A-7.1 - Loi sur l’Agence québécoise de valorisation industrielle de la recherche

Texte complet
chapitre A-7.1
Loi sur l’Agence québécoise de valorisation industrielle de la recherche
AGENCE QUÉBÉCOISE DE VALORISATION INDUSTRIELLE DE LA RECHERCHE20 décembre 19901er avril 1991
Abrogée, 1990, c. 71, a. 1.
1990, c. 71, a. 1.
SECTION I
INSTITUTION ET ORGANISATION
1. Est instituée «l’Agence québécoise de valorisation industrielle de la recherche».
1983, c. 42, a. 1.
2. L’Agence est une corporation.
1983, c. 42, a. 2.
3. L’Agence est un mandataire du gouvernement.
Ses biens font partie du domaine public, mais l’exécution de ses obligations peut être poursuivie sur ces biens.
Elle n’engage qu’elle-même lorsqu’elle agit en son nom.
1983, c. 42, a. 3.
4. L’Agence a son siège social à l’endroit déterminé par le gouvernement.
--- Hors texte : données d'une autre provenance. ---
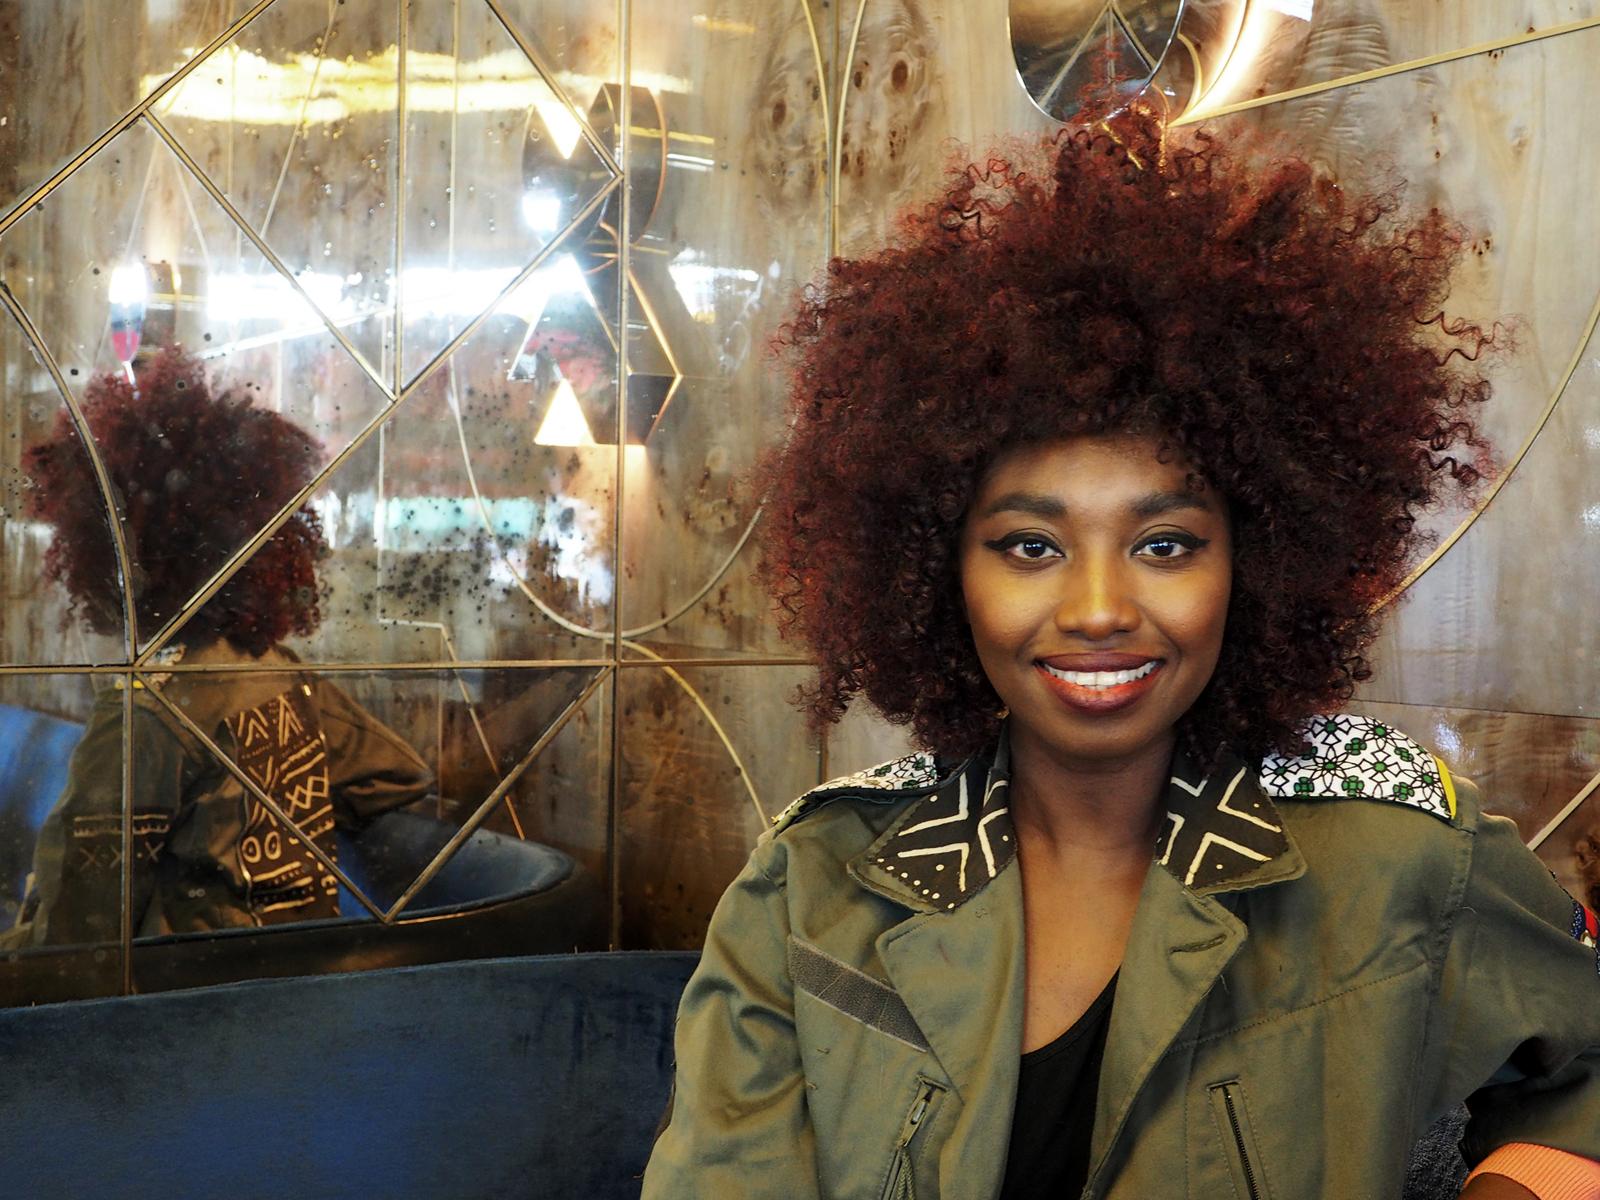 Le sourire de la chanteuse Inna Modja smile interview pour nouvel album Motel Bamako warner music 2015 photo originale united states of paris blog usofparis

Un avis de la situation ou de tout déplacement du siège social est publié à la Gazette officielle du Québec.
1983, c. 42, a. 4.
5. L’Agence est administrée par un conseil d’administration formé d’au plus 12 membres, dont un président, nommés par le gouvernement.
Les membres doivent provenir en majorité des milieux industriels et des affaires. Au moins deux membres doivent provenir du milieu universitaire.
1983, c. 42, a. 5; 1984, c. 36, a. 44; 1988, c. 41, a. 38.
6. Les membres du conseil d’administration désignent parmi eux un vice-président du conseil. En cas d’absence ou d’incapacité d’agir temporaire du président, le vice-président en exerce les fonctions.
1983, c. 42, a. 6.
7. Le président est nommé pour au plus cinq ans.
Les autres membres sont nommés pour au plus trois ans.
1983, c. 42, a. 7.
8. À la fin de leur mandat, les membres du conseil d’administration demeurent en fonction jusqu’à ce qu’ils soient remplacés ou nommés de nouveau.
Le mandat du président et des autres membres ne peut être renouvelé consécutivement qu’une fois.
1983, c. 42, a. 8.
9. Toute vacance survenant en cours de mandat est comblée selon le mode de nomination prévu à l’article 5.
Constitue une vacance l’absence à un nombre de réunions du conseil d’administration déterminé par le règlement de régie interne de l’Agence, dans les cas et circonstances qu’il indique.
1983, c. 42, a. 9.
10. Le président, qui exerce ses fonctions à plein temps, administre l’Agence et en dirige le personnel.
Le gouvernement fixe la rémunération, les avantages sociaux et les autres conditions de travail du président.
1983, c. 42, a. 10.
11. Les membres autres que le président ne sont pas rémunérés. Ils ont toutefois droit, dans la mesure prévue par règlement du gouvernement et sur présentation des pièces justificatives, à une allocation de présence et au remboursement des frais raisonnables engagés par eux dans l’exercice de leurs fonctions.
1983, c. 42, a. 11.
12. Le président ne peut, sous peine de déchéance de sa charge, avoir un intérêt direct ou indirect dans une entreprise qui met en conflit son intérêt personnel et celui de l’Agence. Toutefois, cette déchéance n’a pas lieu si un tel intérêt lui échoit par succession ou par donation, à condition qu’il y renonce ou en dispose avec diligence.
Tout autre membre du conseil d’administration ayant un intérêt dans une telle entreprise doit, sous peine de déchéance de sa charge, le révéler par écrit au président et s’abstenir de participer à toute délibération et à toute décision concernant cette entreprise.
1983, c. 42, a. 12.
13. L’Agence peut établir des bureaux aux endroits qu’elle détermine et tenir ses séances à tout endroit au Québec.
Le quorum aux séances du conseil d’administration est d’au moins la moitié des membres.
En cas de partage, le président a voix prépondérante.
1983, c. 42, a. 13.
14. Une décision du conseil d’administration signée par tous les membres a la même valeur que si elle avait été prise en séance ordinaire.
1983, c. 42, a. 14.
15. Le secrétaire et les autres membres du personnel de l’Agence sont nommés et rémunérés selon les effectifs, normes et barèmes établis par règlement de l’Agence.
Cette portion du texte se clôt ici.